Washington, D.C.— In an effort to ensure the safety of the meat Americans eat, the national advocacy organization Food & Water Watch today petitioned the USDA’s Food Safety Inspection Service (FSIS) to immediately revoke the recognition of privatized inspection schemes used in several countries that are allowed to export red meat products to the United States. The group’s petition urges FSIS to revoke the “equivalency” status of four meat inspection programs used in Canada, Australia and New Zealand because the programs have replaced government meat inspectors with company employees.
“The basis for FSIS’s equivalency determinations for meat imports is shaky at best,” said Wenonah Hauter, executive director of Food & Water Watch. “But using the U.S. pilot program HIMP (which is only in place in five hog slaughter facilities) to approve meat imports for entire countries using privatized inspection is unconscionable. Moreover, USDA has so far failed to prove that privatized inspection even works.”
Canada, Australia and New Zealand have changed their meat inspection systems, allowing company employees, rather than government inspectors, to conduct food safety inspections. Despite this obvious difference from U.S. inspection programs, which by law require USDA employees to conduct inspections, the agency has declared these new systems as equivalent, and has allowed those products to be imported.
“The risk to U.S. consumers from USDA’s decision to allow privately inspected meat to enter the United States is real,” says Hauter. “In the fall of 2012, XL Foods’ operation in Canada was implicated in the largest meat recall in Canadian history while operating under a high-speed privatized inspection program. Eighteen Canadian consumers were sickened with E. coli 0157:H7 from beef processed at that plant and 2.5 million pounds that had been exported to the United States had to be recalled.”

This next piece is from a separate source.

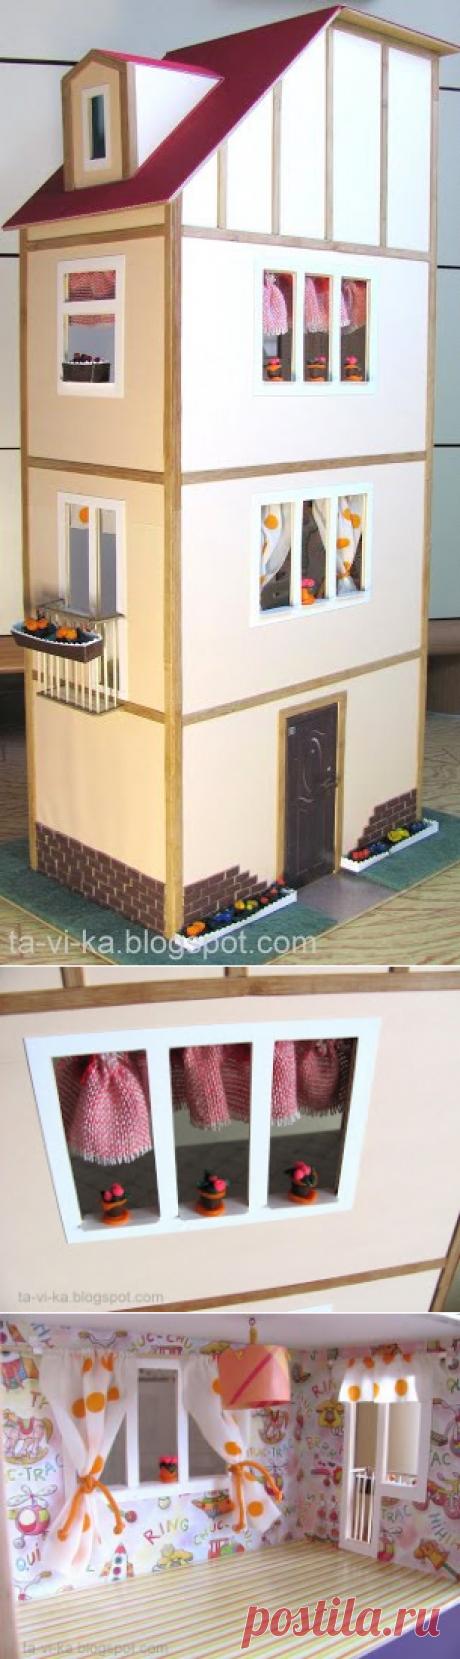 Кукольный домик из ДВП - Как сделать Кукольный домик,кукольную мебель,кукол и кукольную миниатюру.

The petition offers examples of other problems found in products inspected under privatized systems in Australia and New Zealand, including persistent problems with fecal contamination, and actions taken by the European Union to bar meat imports from Australia because of the inherent conflict of interest of having company employees perform food safety inspections.
“USDA should be looking out for U.S. consumers when it evaluates foreign inspection systems,” said Hauter. “Unfortunately, the agency seems to be using the import approval process as a way to weaken meat inspection overall and hasten the arrival of privatized inspection in the United States.”
Read the letter here.
Contact: Kate Fried, Food & Water Watch, (202) 683-4905, kfried(at)fwwatch(dot)org.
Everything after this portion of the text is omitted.